Here’s what the final outcome should look like for a GlobalProtect-Skype for Business-Exchange environment for split tunnel.
Of course, I fully admit this is really more of a legacy design with everything on-premises, but you could just as easily send the Exchange traffic to Office 365 in the split tunnel.
Thoughts on GlobalProtect Application Process Split Tunnel
While I had configured the traditional methods of doing split tunnel configurations (IP split tunnel and DNS servers), I’m still a little puzzled to the fact that the Palo Alto GlobalProtect application process split tunnel seemed to cause issues. My guess is that something in the way the Skype for Business client is designed prevents the process from being completely split tunneled, and I think this has to do with the way Skype for Business operates with Windows.
Basically, SfB gets a selection of candidates that it uses from the interfaces on the computer. In a GP split tunnel set up (with or without application process split tunnel configured), you’ll see ALL IP addresses (including the tunnel address) listed as candidates, and my suspicion is that Skype for Business still tries to use a tunnel interface, and sometimes it gets around the Palo Alto GlobalProtect application exclusion, and then that causes calls, application sharing, and even conferences to fail. I can’t show my own logs seeing this for security reasons, so you’ll have to trust me on that one.
Here’s the quick solution for GlobalProtect and Skype for Business Split Tunnel
Create separate DNS servers for VPN clients and create the specific Skype for Business DNS records needed, and configure them for external IP addresses so that Skype for Business resolves external addresses and configures itself appropriately.

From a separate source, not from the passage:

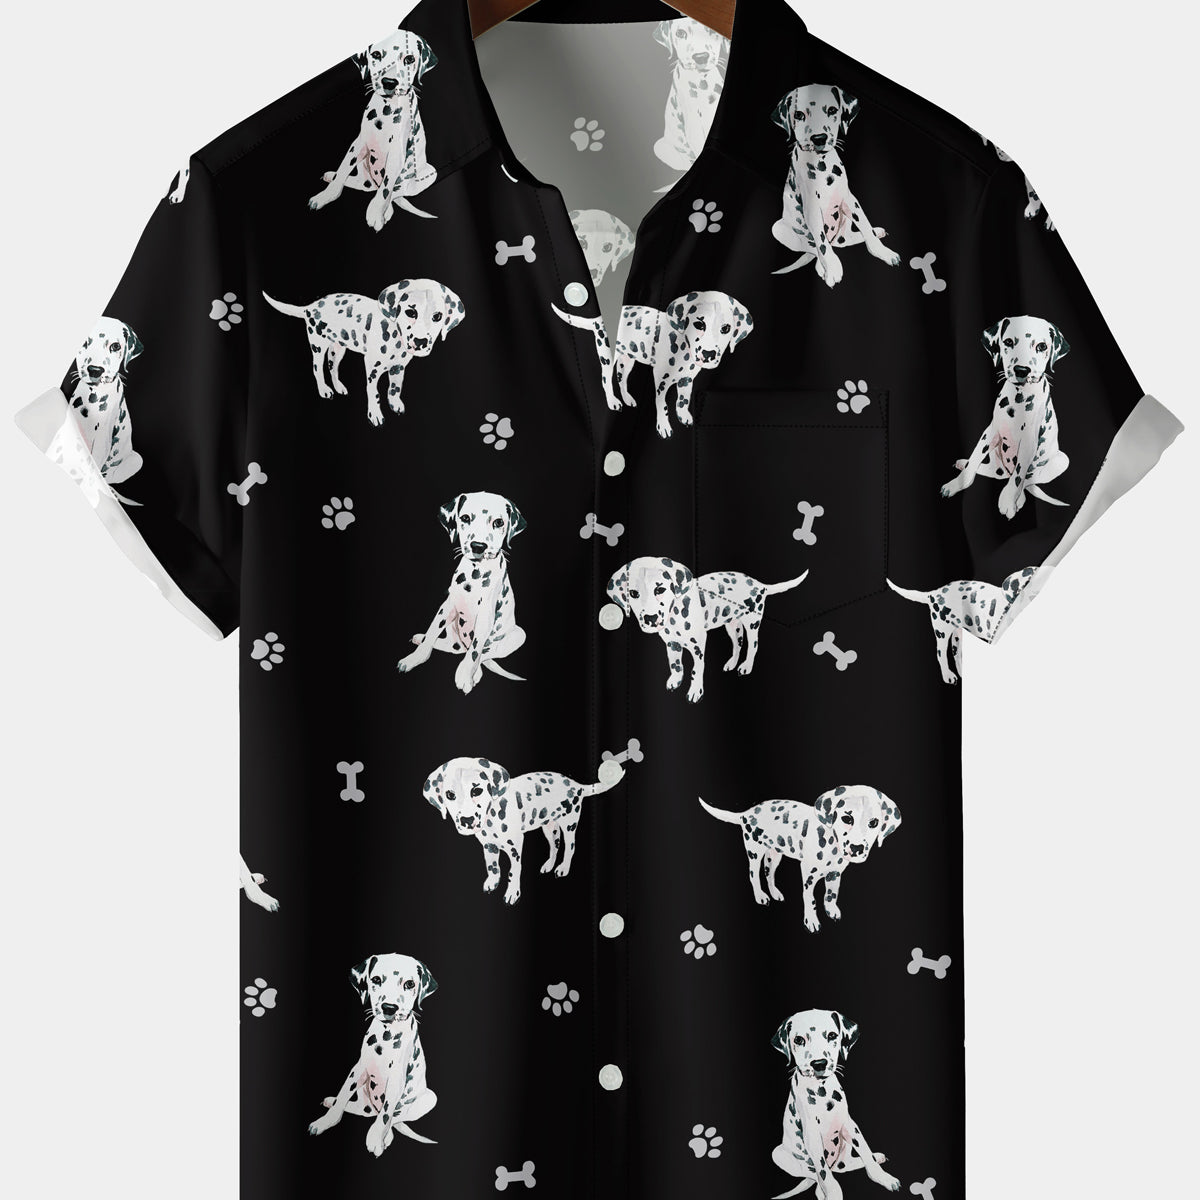 Men's Cute Dalmatians Print Short Sleeve Shirt

Create firewall rules that block traffic to/from the VPN network to internal Skype for Business and Exchange IP addresses. We want the SfB client to determine it can’t go inside for traffic.
In Panorama or PANOS, under Network > GlobalProtect > Gateway > Agent > Client Settings > Client-Config > Split Tunnel > Exclude, configure all external SfB addresses so that the GP client doesn’t send traffic for those IPs through the tunnel. Alternatively, under Network > GlobalProtect > Gateway > Agent > Client Settings > Client-Config > Split Tunnel > Domain and Application > Exclude Domain, you could add the SfB external FQDNs (that said, IIRC, the stuff under ‘Domain and Application’ requires the GlobalProtect license…technically).